Fail-safe, resistive-film, immersion heater
Abstract
A heater comprising a conduit made of corundum (e.g. synthetic sapphire) and having a wall forming a closed cross-section with an interior surface, and an exterior surface. At least one of the interior and exterior surfaces may have a roughened portion comprising inclusions and corresponding protrusions formed substantially continuously therethroughout.

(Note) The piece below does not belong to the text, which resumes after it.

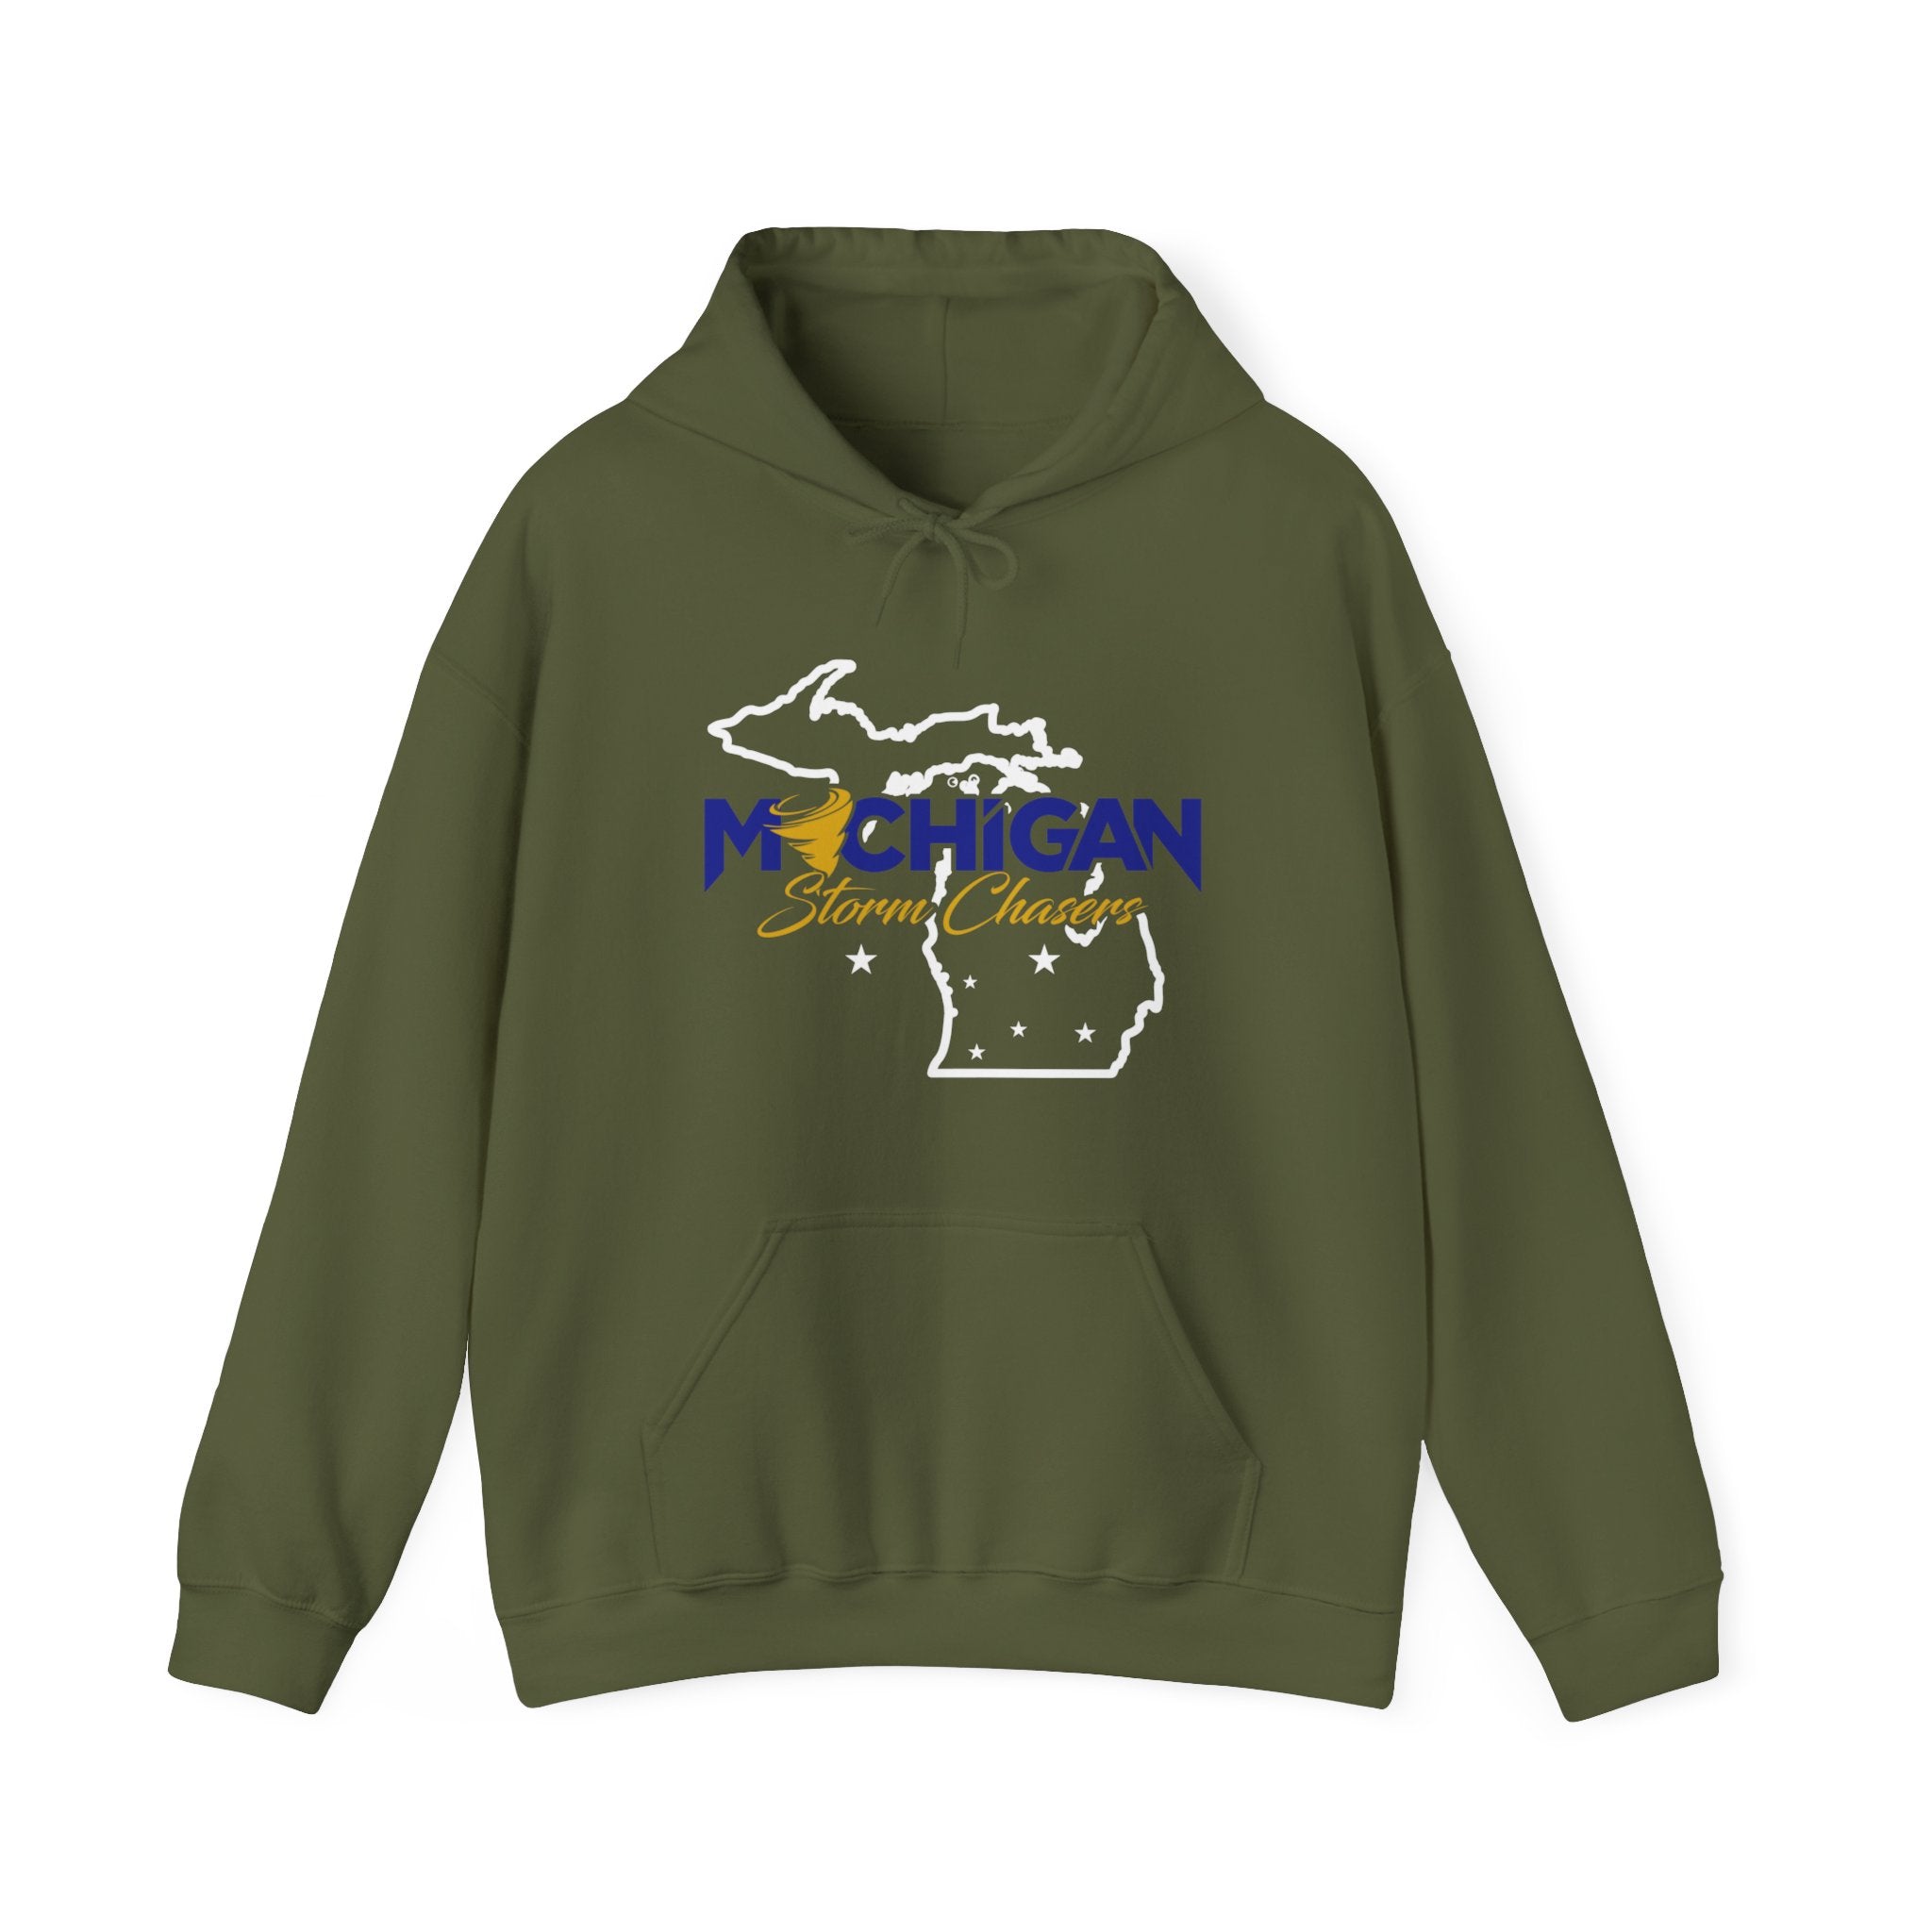 Michigan Storm Chasers Hoodie

An electrically resistive coating may extend substantially continuously over, in, and around the inclusions and protrusions of at least a part of the roughened portion to form a conformal cross-section having a thickness selected to promote bending thereof to accommodate annular expansion and contraction occurring in response to a differential in the coefficients of expansion between the electrically resistive coating and the conduit.
Claims
exact text as granted — not AI-modified1. A heater comprising:
a substrate formed of corundum having a wall defining a first surface separated from a second surface by a thickness;
the substrate being corundum;
the substrate wherein at least a portion of the first surface has been abraded to form a roughened region; and
a conductor, extending on and adhering to the roughened region, the conductor being electrically resistive and comprising nickel.
2. The heater of claim 1 , wherein the substrate has been mechanically abraded.

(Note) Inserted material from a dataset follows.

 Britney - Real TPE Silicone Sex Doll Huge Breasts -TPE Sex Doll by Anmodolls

3. The heater of claim 2 , wherein the substrate is formed as a conduit having a tubular cross-section.
4. The heater of claim 3 , wherein the conductor is deposited onto the substrate at a thickness characteristic of a process selected from spraying, sintering, flame spraying, vapor deposition, sputtering, electroless plating, and electrolytic plating.

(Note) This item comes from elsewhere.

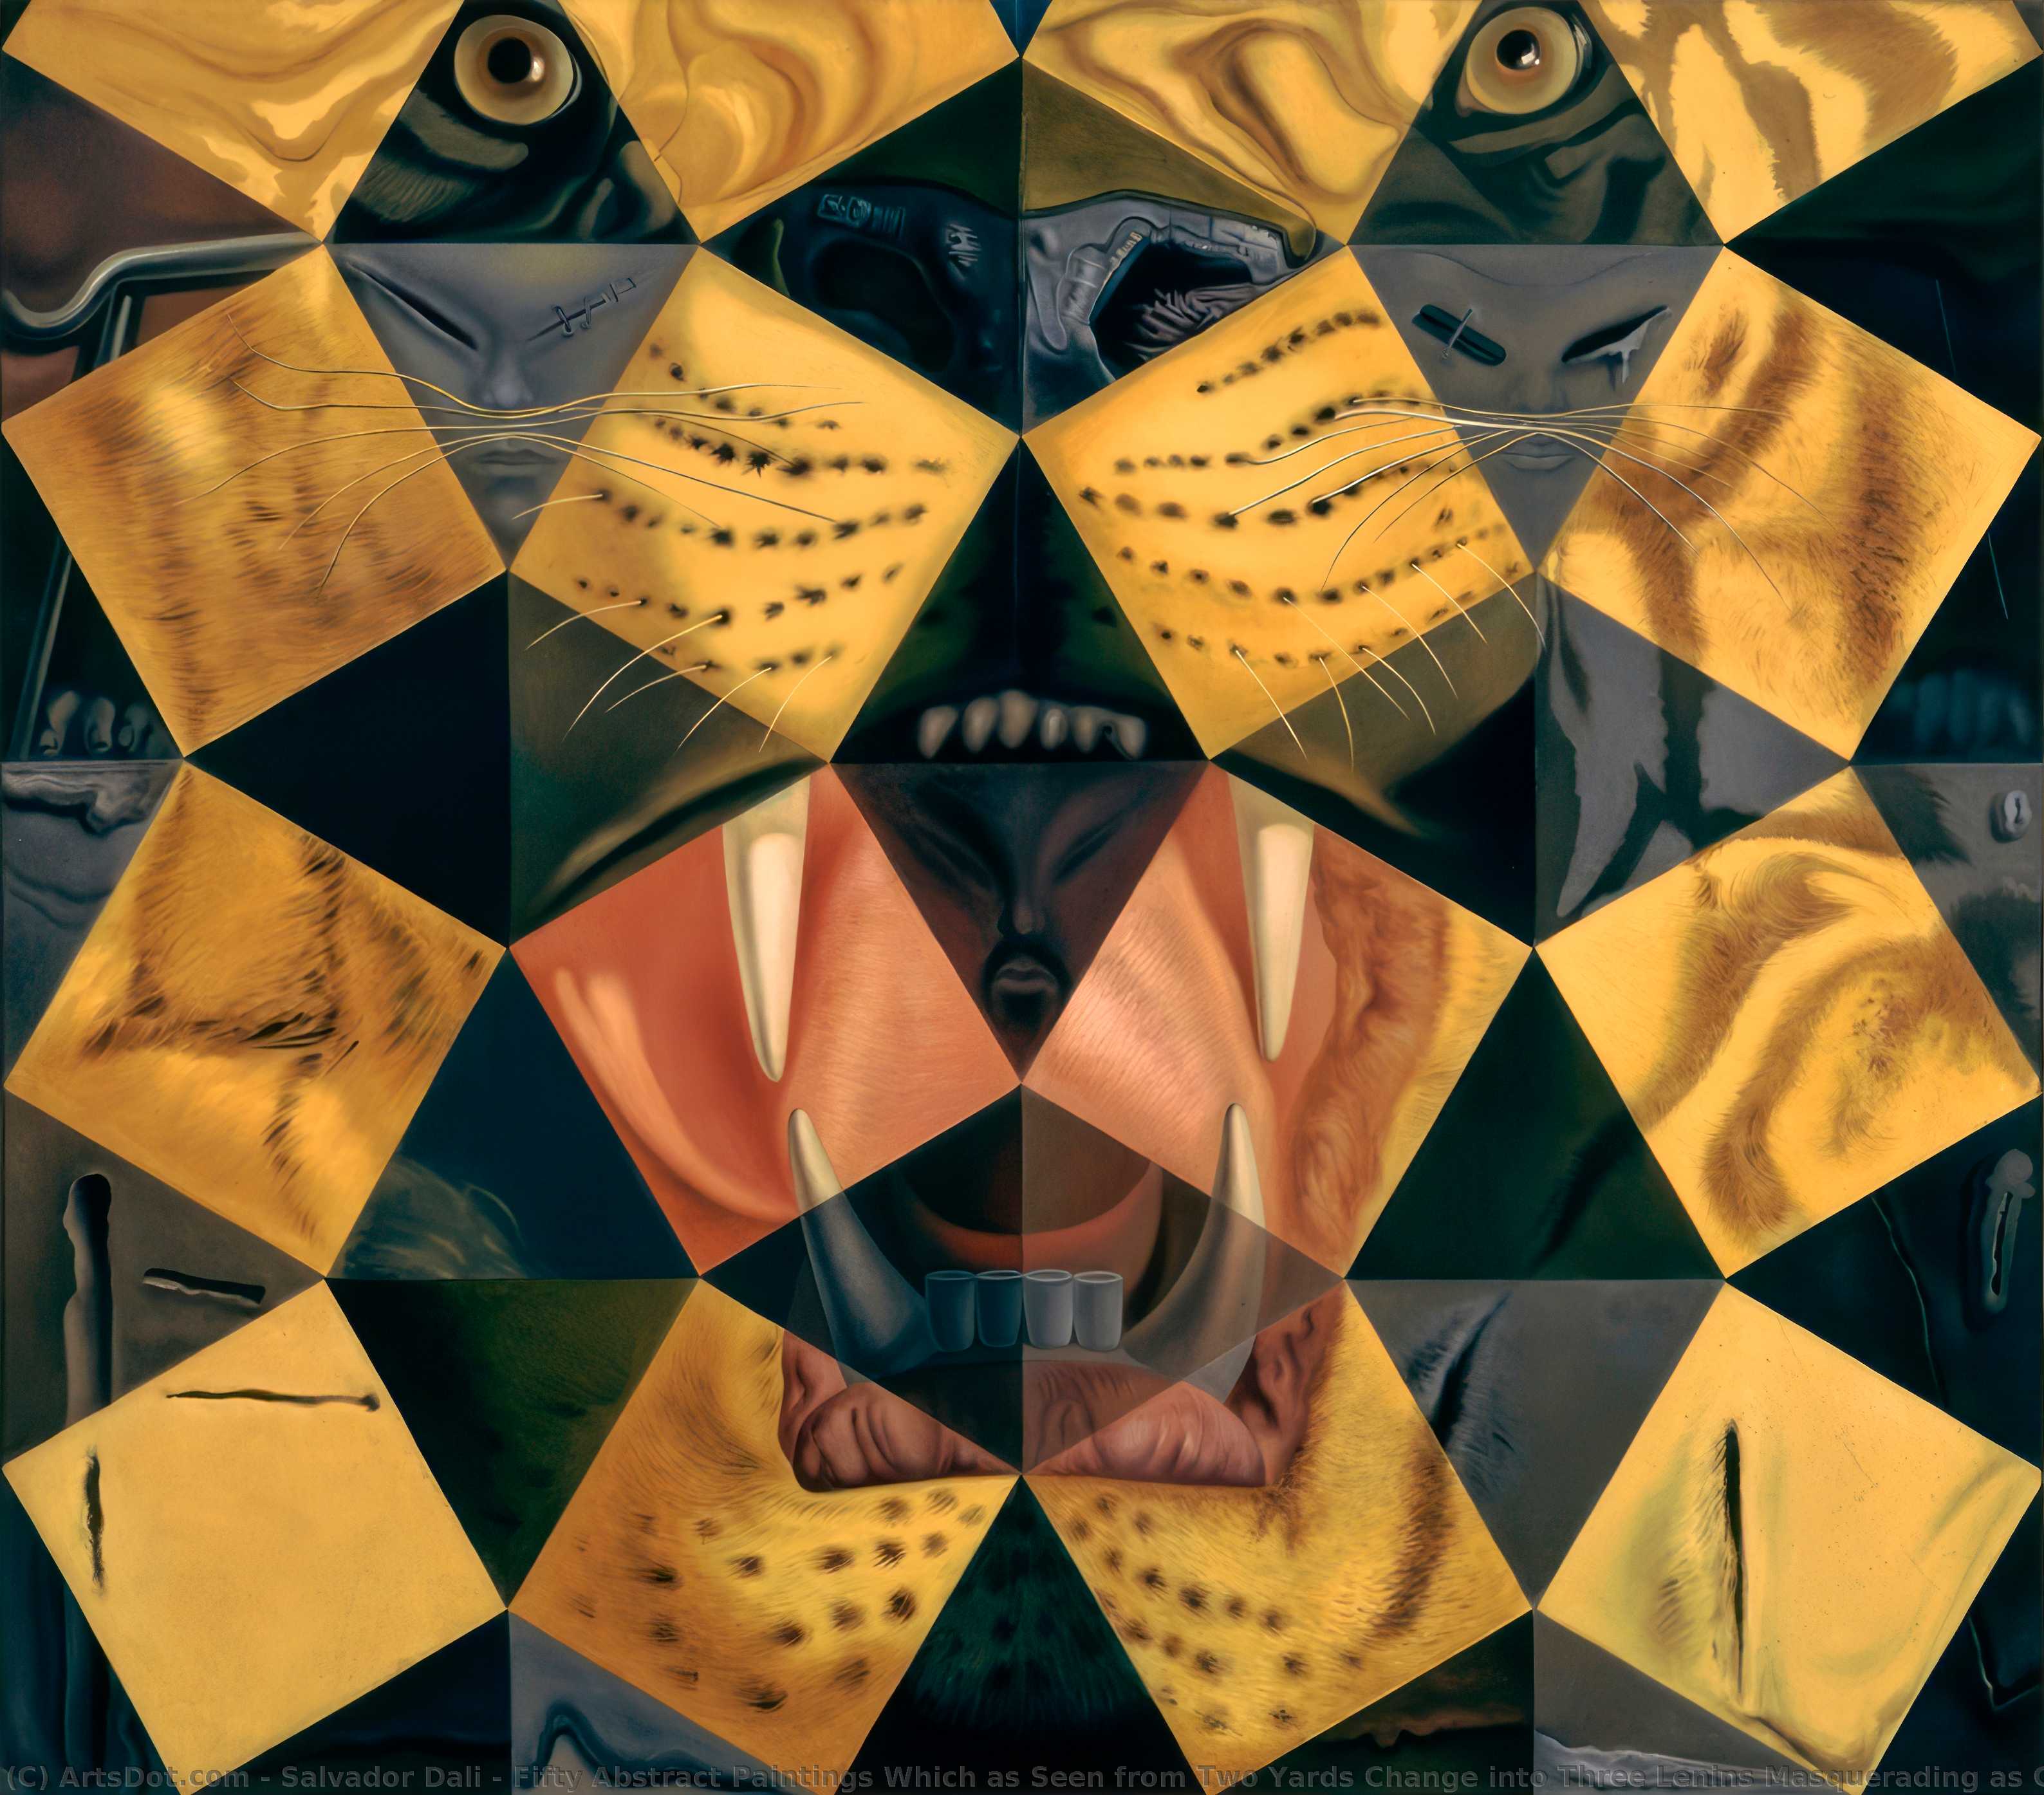 WikiOO.org - Enciklopedija dailės - Tapyba, meno kuriniai Salvador Dali - Fifty Abstract Paintings Which as Seen from Two Yards Change into Three Lenins Masquerading as Chinese and as Seen from Six Yards Appear as the Head of a Royal Bengal Tiger, 1963

5. The heater of claim 4 , further comprising an anti-oxidation coating over at least a portion of the conductor to reduce oxidation at elevated temperatures.
6. The heater of claim 5 , further comprising a transmission line in electrical connection with the conductor.
7. The heater of claim 6 , wherein mechanical abrasion is selected from blasting and grinding.
8. The heater of claim 7 , wherein the first surface forms the exterior of the conduit and the second surface forms the interior of the conduit.
9. The heater of claim 7 , wherein the first surface forms the interior of the conduit and the second surface forms the exterior of the conduit.
10. The heater of claim 1 , wherein the substrate is formed of a single crystal of synthetic sapphire to be a conduit having a tubular shape.
11. The heater of claim 1 , wherein the conductor is deposited onto the substrate at a thickness characteristic of a process selected from spraying, sintering, flame spraying, vapor deposition, sputtering, electroless plating, and electrolytic plating.
12. The heater of claim 1 , further comprising an anti-oxidation coating over at least a portion of the conductor to reduce oxidation at elevated temperatures.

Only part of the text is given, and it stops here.